Cooperate with the police or court. If you are accused of domestic violence, you may be afraid and not want to answer questions or go to court. However, the best thing to do is to be fully and completely honest and cooperative and tell your side of the story. If you do not show up in court your accuser will win by default, and if you don't cooperate with the police they may have reason to suspect you are guilty.
Remain calm during the entire proceedings. You are trying to demonstrate that you are not a person susceptible to domestic violence. Losing your temper, although it may seem easy to do in the face of charges you believe are unjust, can only hurt your case.
Call witnesses on your behalf. You will want to find anyone who knows you and who would be in a position to know if you had committed domestic violence and ask them to speak on your behalf. Witnesses can include neighbors who might have heard shoutin or the lack thereof, your accuser's doctor or family members, or other people who would have been in a position to suspect domestic violence, and anyone else who can testify to your character from an ex-significant other to your co-workers, pastor or priest. If witnesses don't want to cooperate, you can subpoena them to come and speak on your behalf in court.
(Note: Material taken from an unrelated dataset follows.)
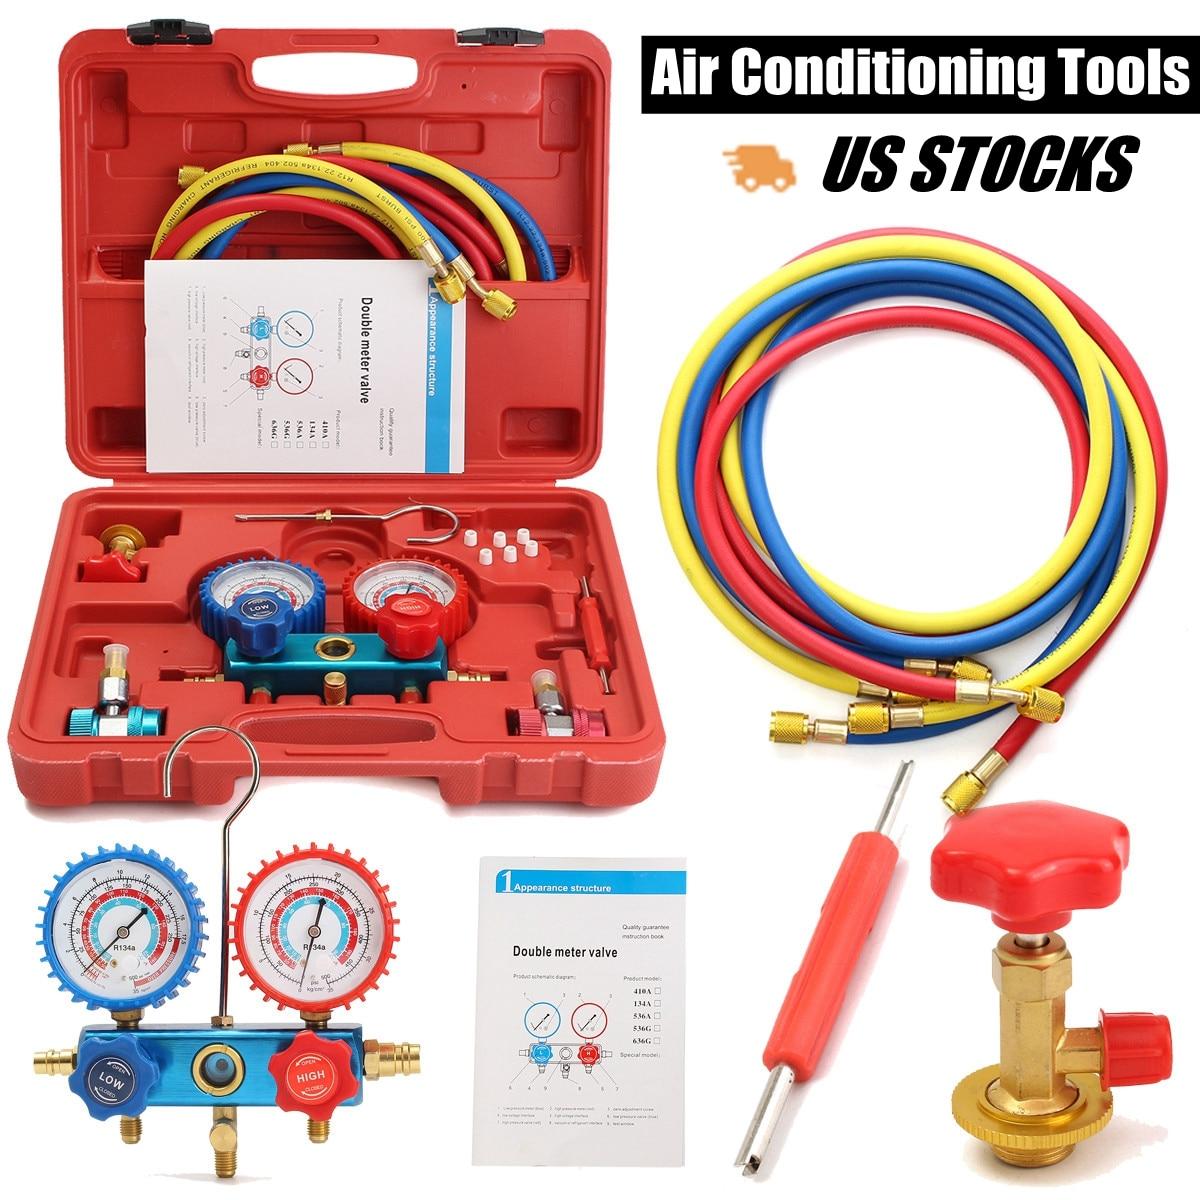 R134A HVAC A/C Refrigeration Kit AC Manifold Gauge Set Auto Service Kit Car Air Conditioning Repair Fluorine Filling Tool цена
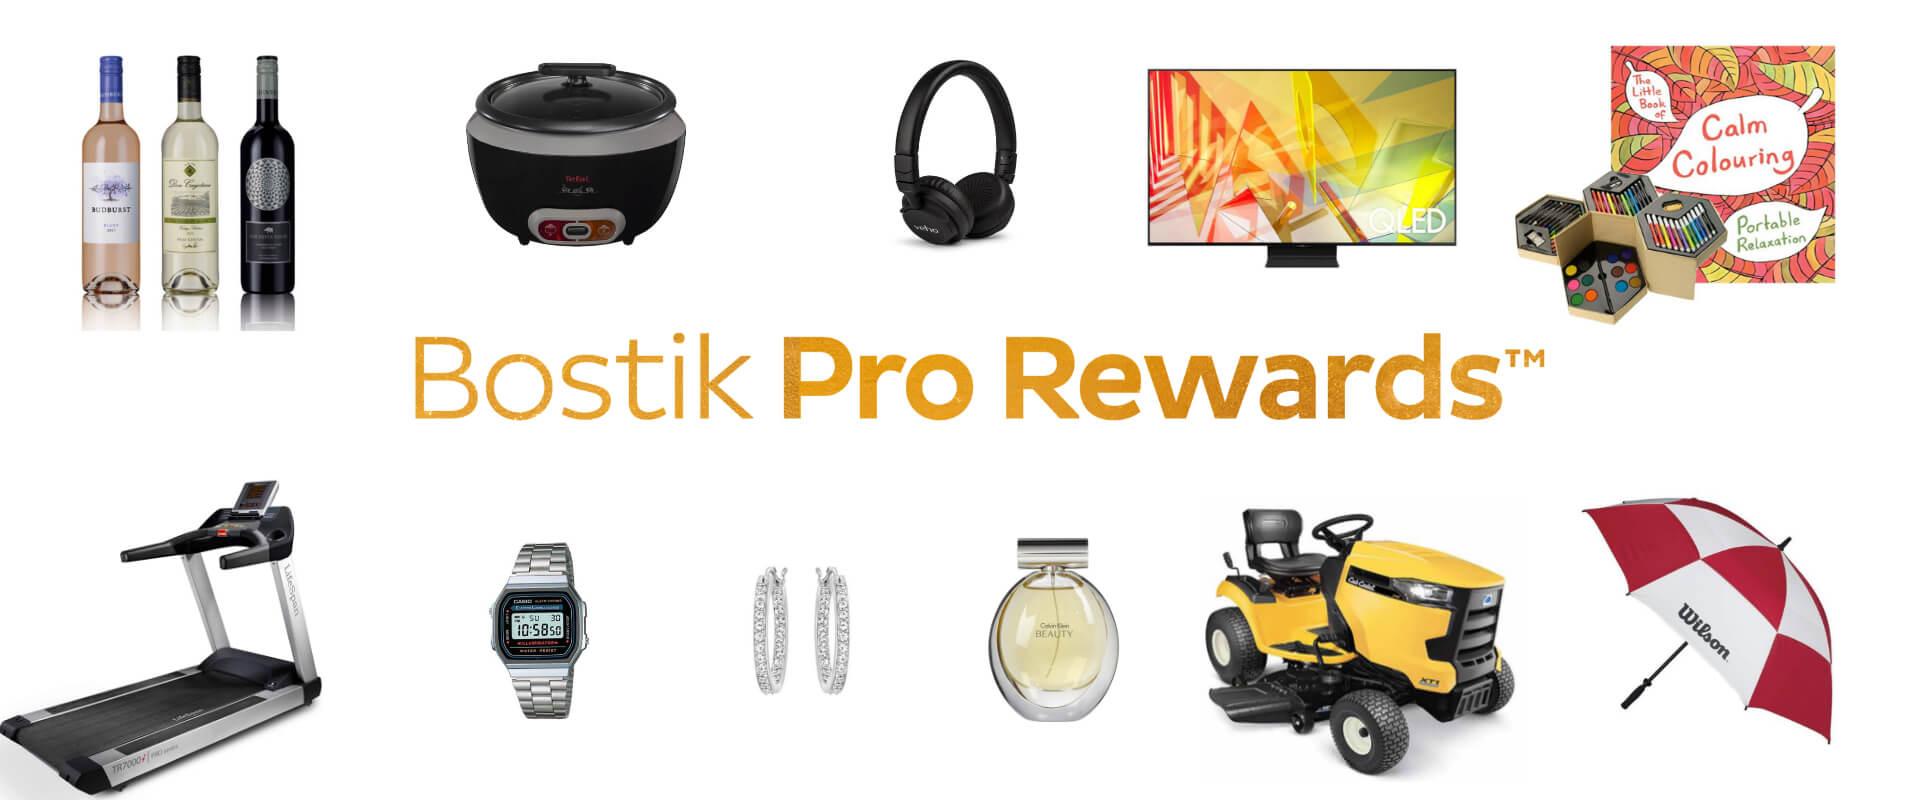 Bostik profloor rewards banner with wine tv headphones

Present counter-evidence. This can be evidence that suggests your accuser is not telling the truth, from documentation from a doctor or other health professional to character witnesses who can testify to the instability of your accuser. Ultimately, defending yourself against these charges comes down to your word against your accuser's, and you can defend yourself successfully both by presenting your side and casting doubt on the opposing side.
Hire a lawyer. While you are innocent and may feel you should not need a lawyer, you may very well need one to provide you with legal advice and help you to take the appropriate steps to prove your innocence. This is especially true if you are called to court on domestic violence charges and not merely suspected or questioned by the police.